Northeast
Summer paid parking requirements take effect in Belmar on Saturday, with ParkMobile metering added to several new streets including this one on Sixth Avenue, a block from the beach.Photo by Michael Boyce

NJ - Shore town’s expanded parking fees anger some residents who say they now have to pay

Metered parking goes into effect on Saturday in Belmar for the coming summer season, when parking near the beach will cost $1 an hour on some blocks and $2 an hour on others, from 7 a.m. to 10 p.m, payable through the ParkMobile phone app or automated phone line.

Paid parking is not new this year in Belmar.

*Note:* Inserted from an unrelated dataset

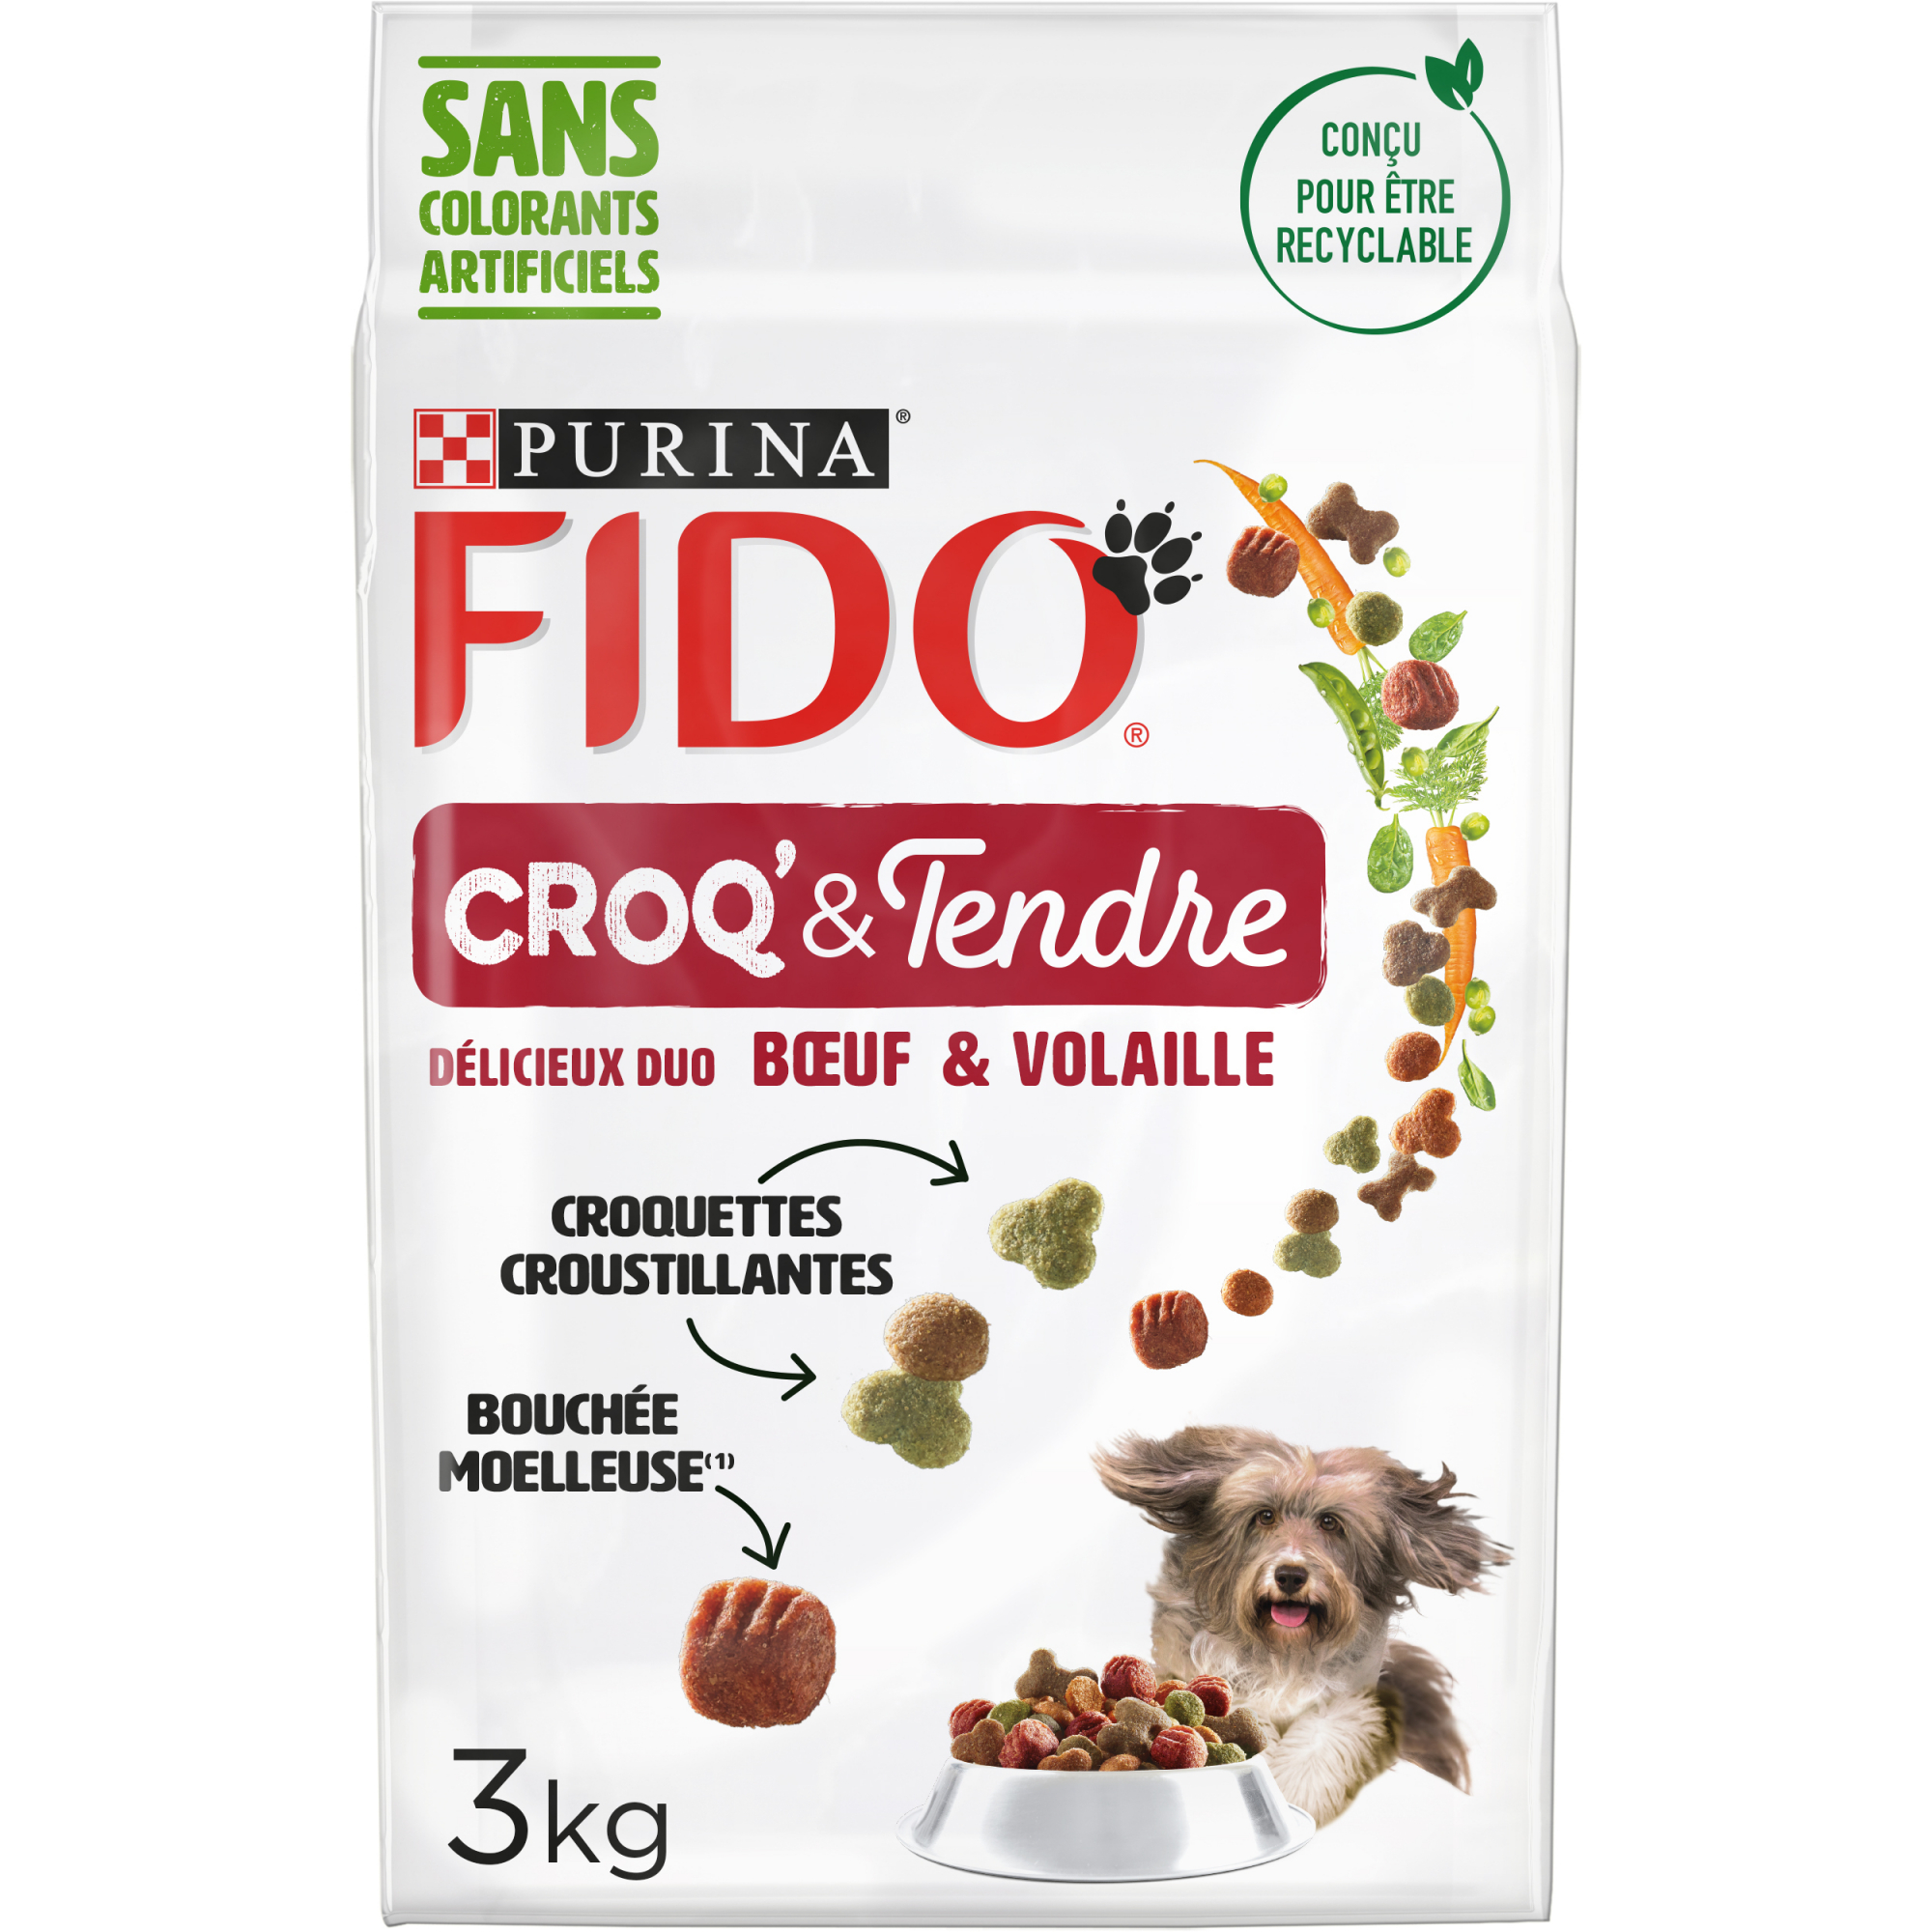 FIDO Croq' & Tendre - 2 Geschmacksrichtungen

The borough began using the ParkMobile app in May 2020, a technology that has allowed Belmar and other municipalities to monetize increased demand for fresh air and wide open space afforded by beaches during the coronavirus, while avoiding any physical contact involved in collecting parking fees.

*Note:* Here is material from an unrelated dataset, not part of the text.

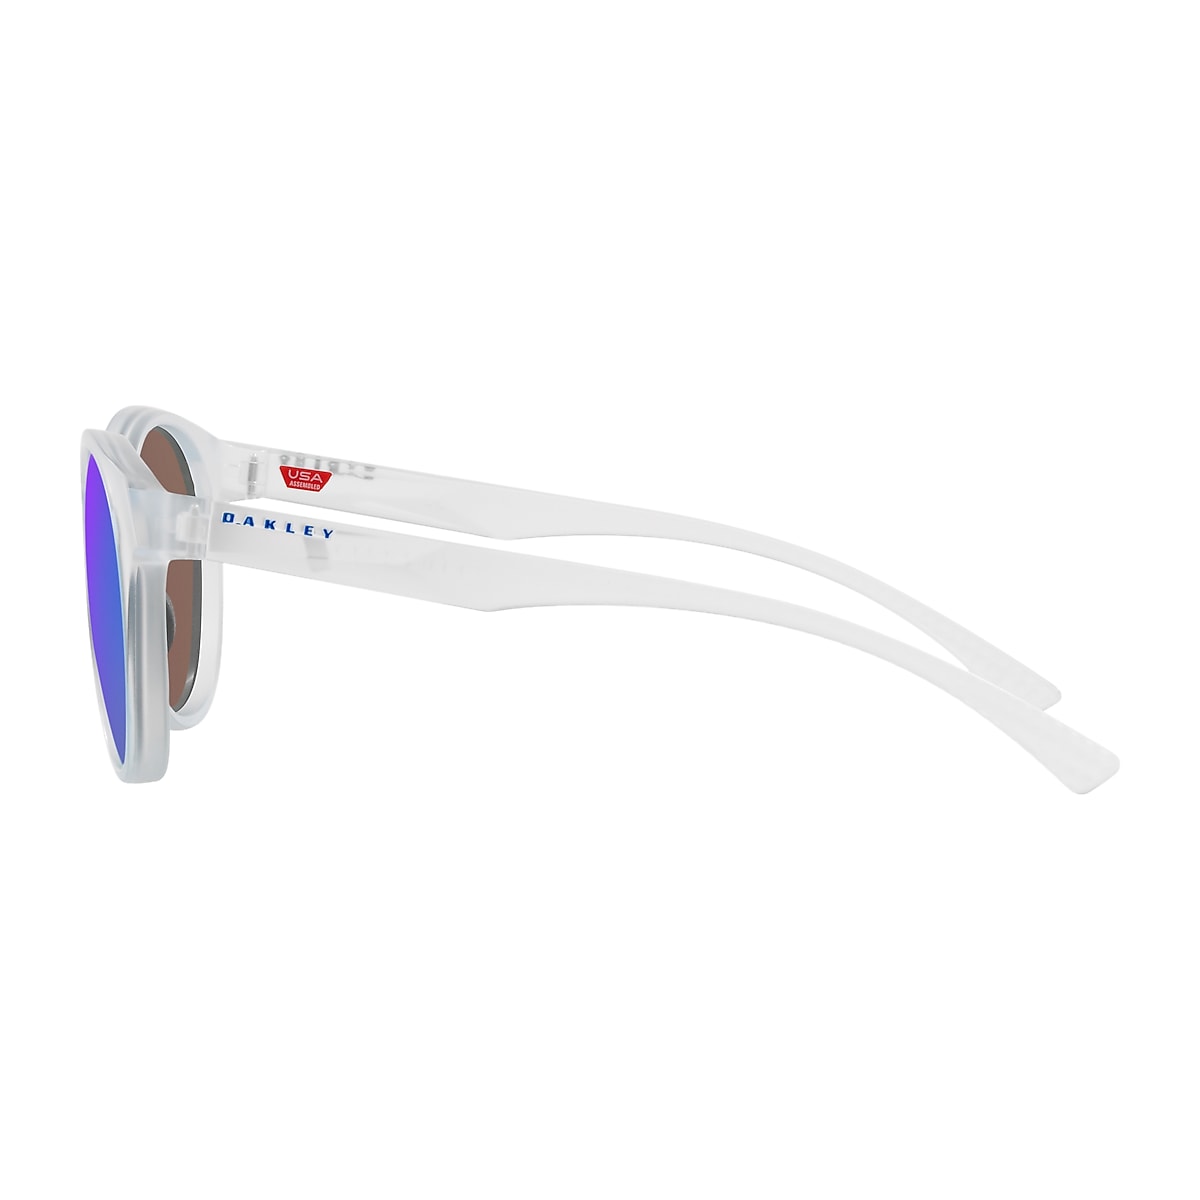 Spindrift Prizm Sapphire Lenses, Matte Clear Frame Sunglasses

But paid parking has been expanded this year to include various blocks inland of Ocean Avenue, and without the availability of residential parking permits, some residents who have relied on free on-street parking say they will now have to pay to park outside their homes or hunt for a free parking spot somewhere farther from the beach and their front doors.

“We’re not opposed to them raising funds for the town through tourism, but for the working class people who live in town, I don’t think it’s fair to them,” said Michael Boyce, who lives on a block of 5th Avenue — a block west of the beach where paid parking will be in effect for the first time this year.

Boyce lives in one of 30 apartments in a building with just 23 on-site parking spaces, and relies on on-street parking. He works from home as the events manager for Grand Center Terminal, so his car is typically parked on the block all day. At $2-an-hour for the 15-hour metered period, the new fees would cost him $30 a day, seven days a week.

He rents his apartment and does not pay property taxes to the borough. But he assumes that his landlord does. So, to Boyce, having to pay for parking while contributing to borough coffers indirectly through his rent seems unfair. He said neighbors who do pay property taxes feel the same way.

“One homeowner on 6th Avenue, he’s not a big fan of it, because he’s only got one spot in his driveway,” Boyce said.

Parking in some areas, including on the borough’s Shark River waterfront, near the Marina Grill along Route 35, will also cost $2 an hour, though during different hours, from 4 p.m. to 2 a.m.